• _Dataset section_
═══

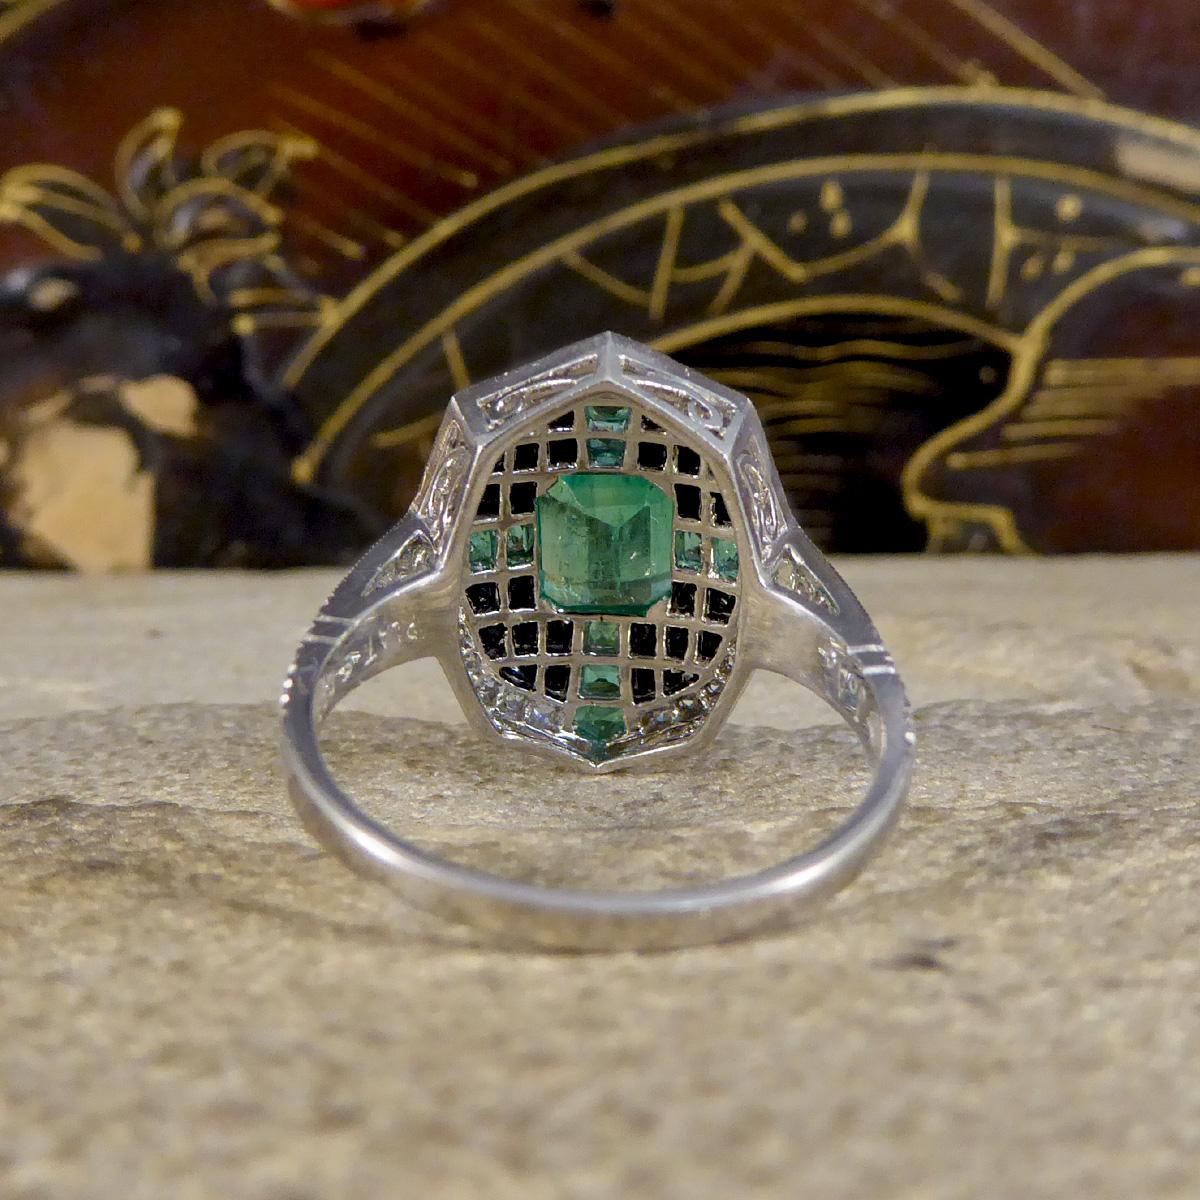 Brilliant Cut Art Deco Style Vintage Emerald Onyx and Diamond Geometric Cluster Ring in Plat
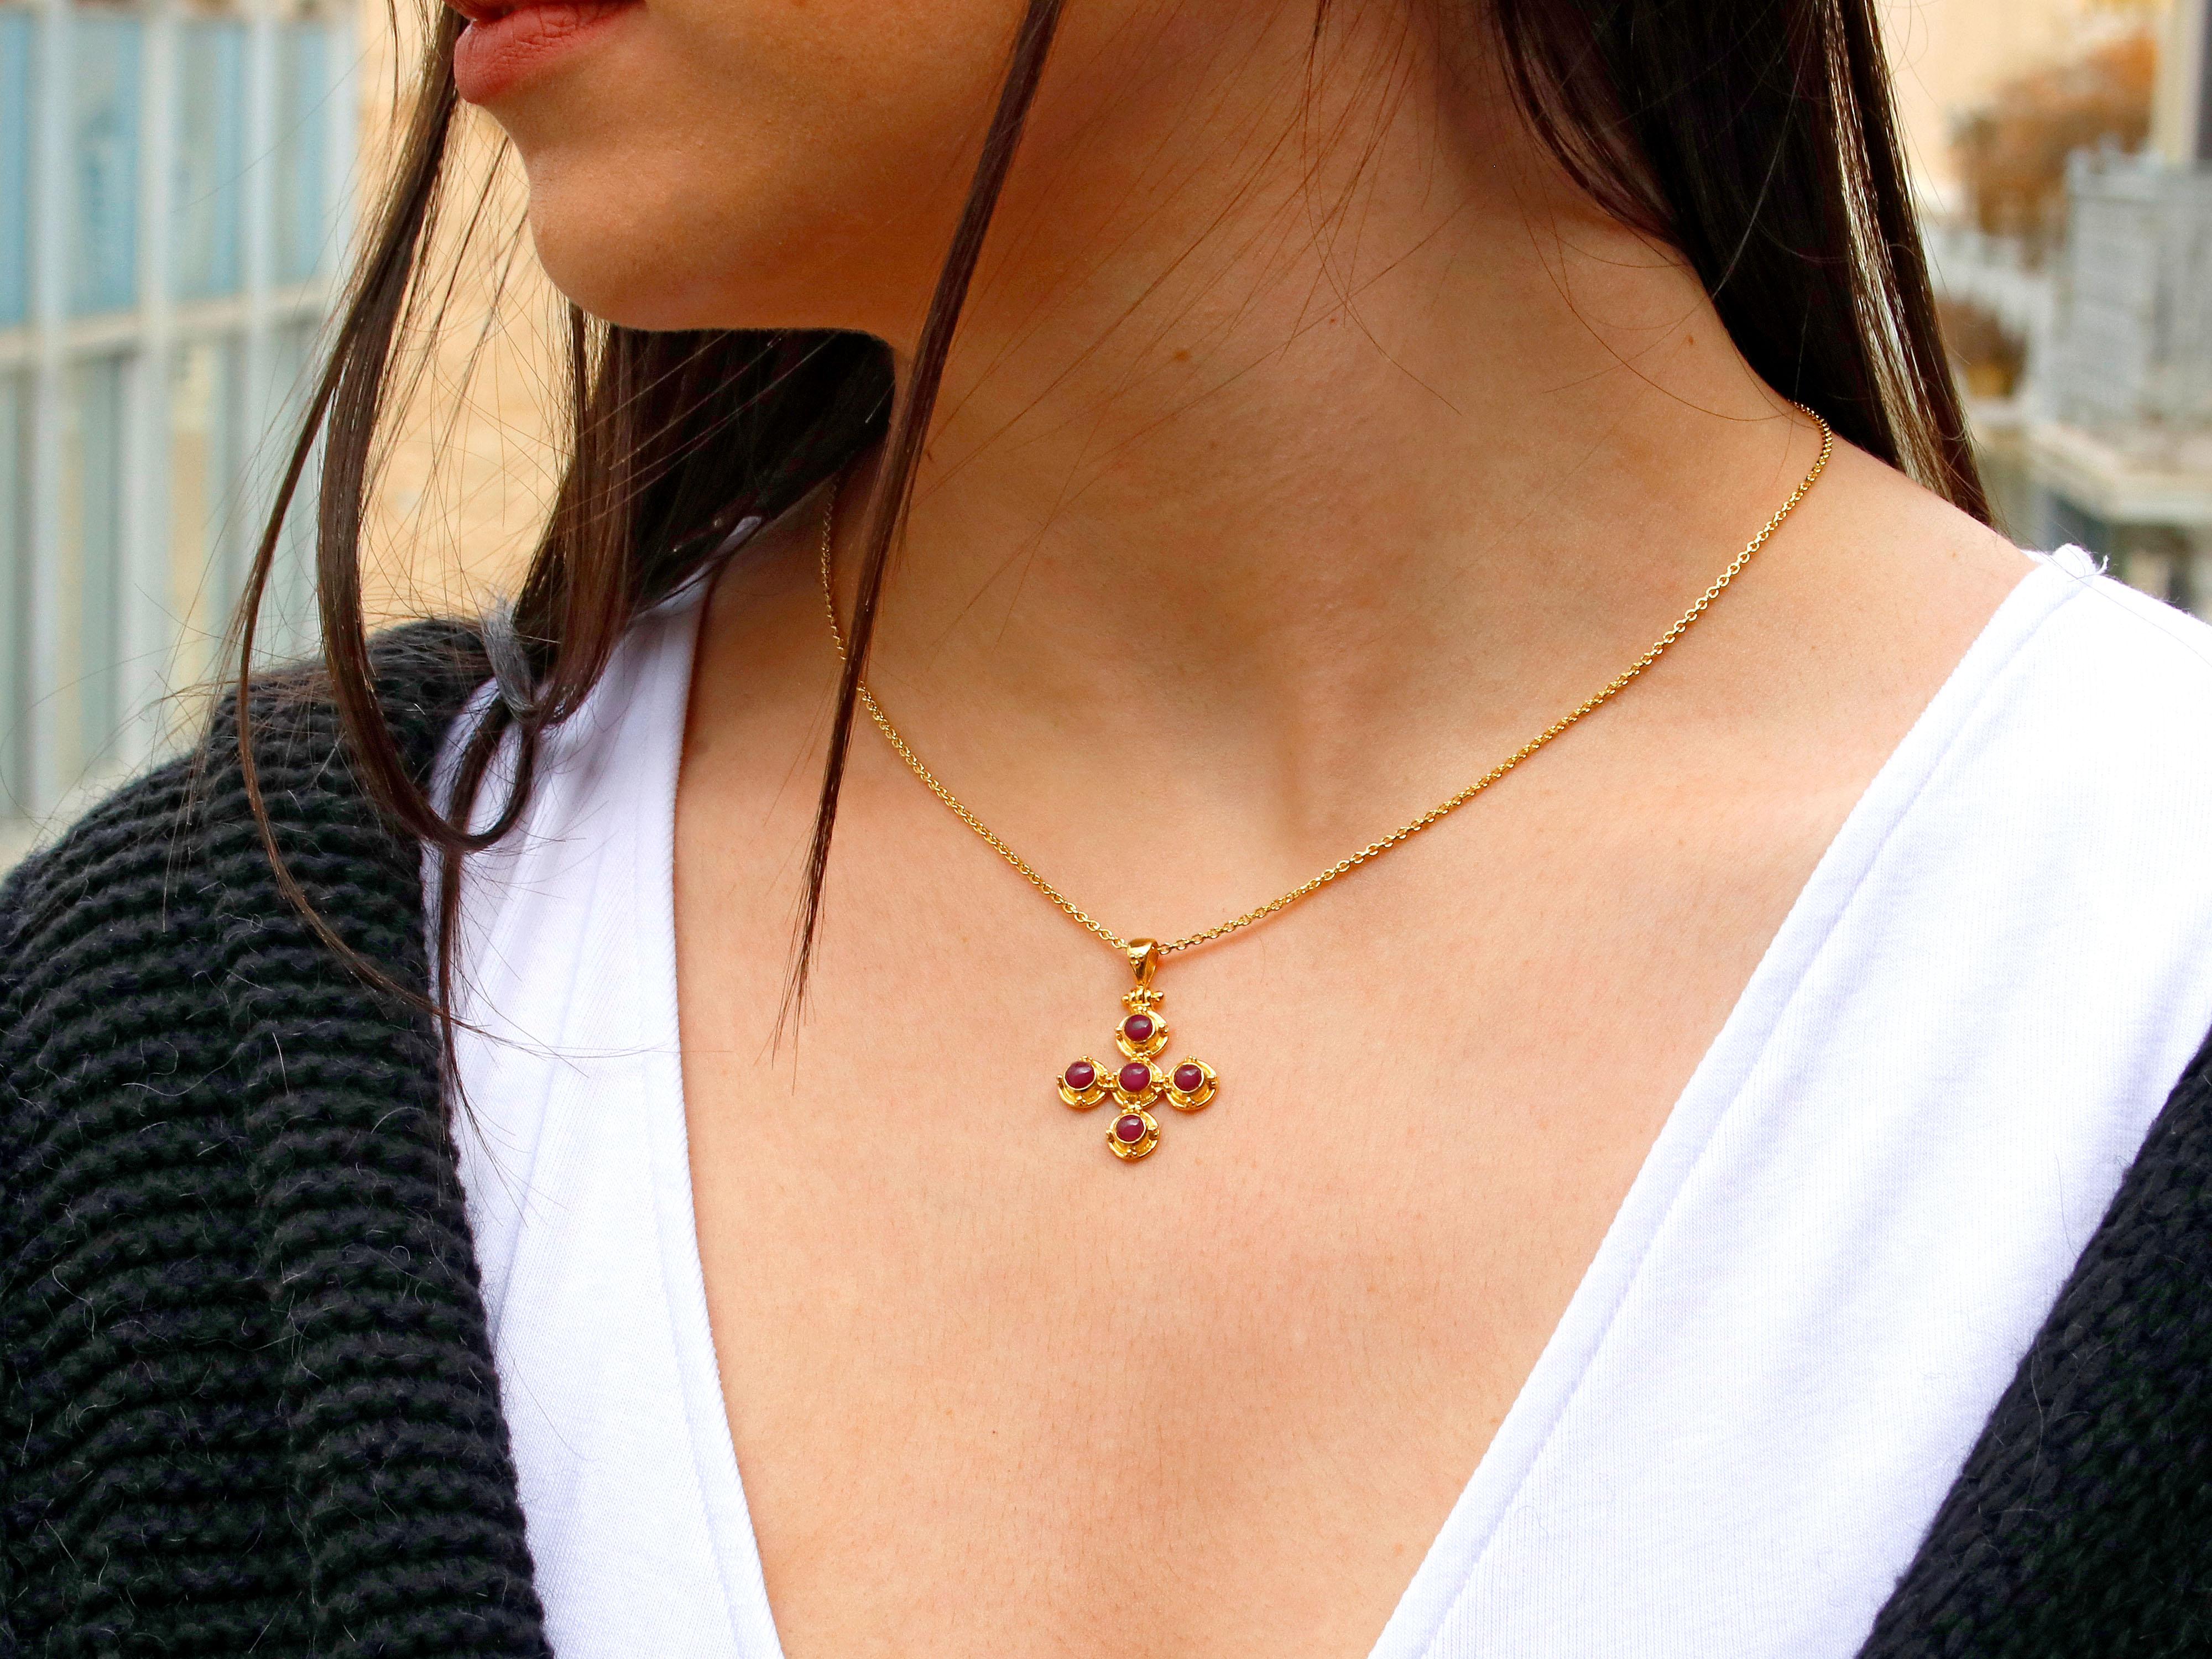  18k gold cross pendant with rubies and granulation decoration that combines elegance and religious symbolism.

The cross is adorned with rubies, which are precious gemstones known for their vibrant red color. Rubies have long been associated with

═══

• _Instructions for the task_
Say again, word for word, every line from the one with "18k gold cross" through the last line of the data above, minus the pictures.

• _Response for this exercise_
  18k gold cross pendant with rubies and granulation decoration that combines elegance and religious symbolism.

The cross is adorned with rubies, which are precious gemstones known for their vibrant red color. Rubies have long been associated with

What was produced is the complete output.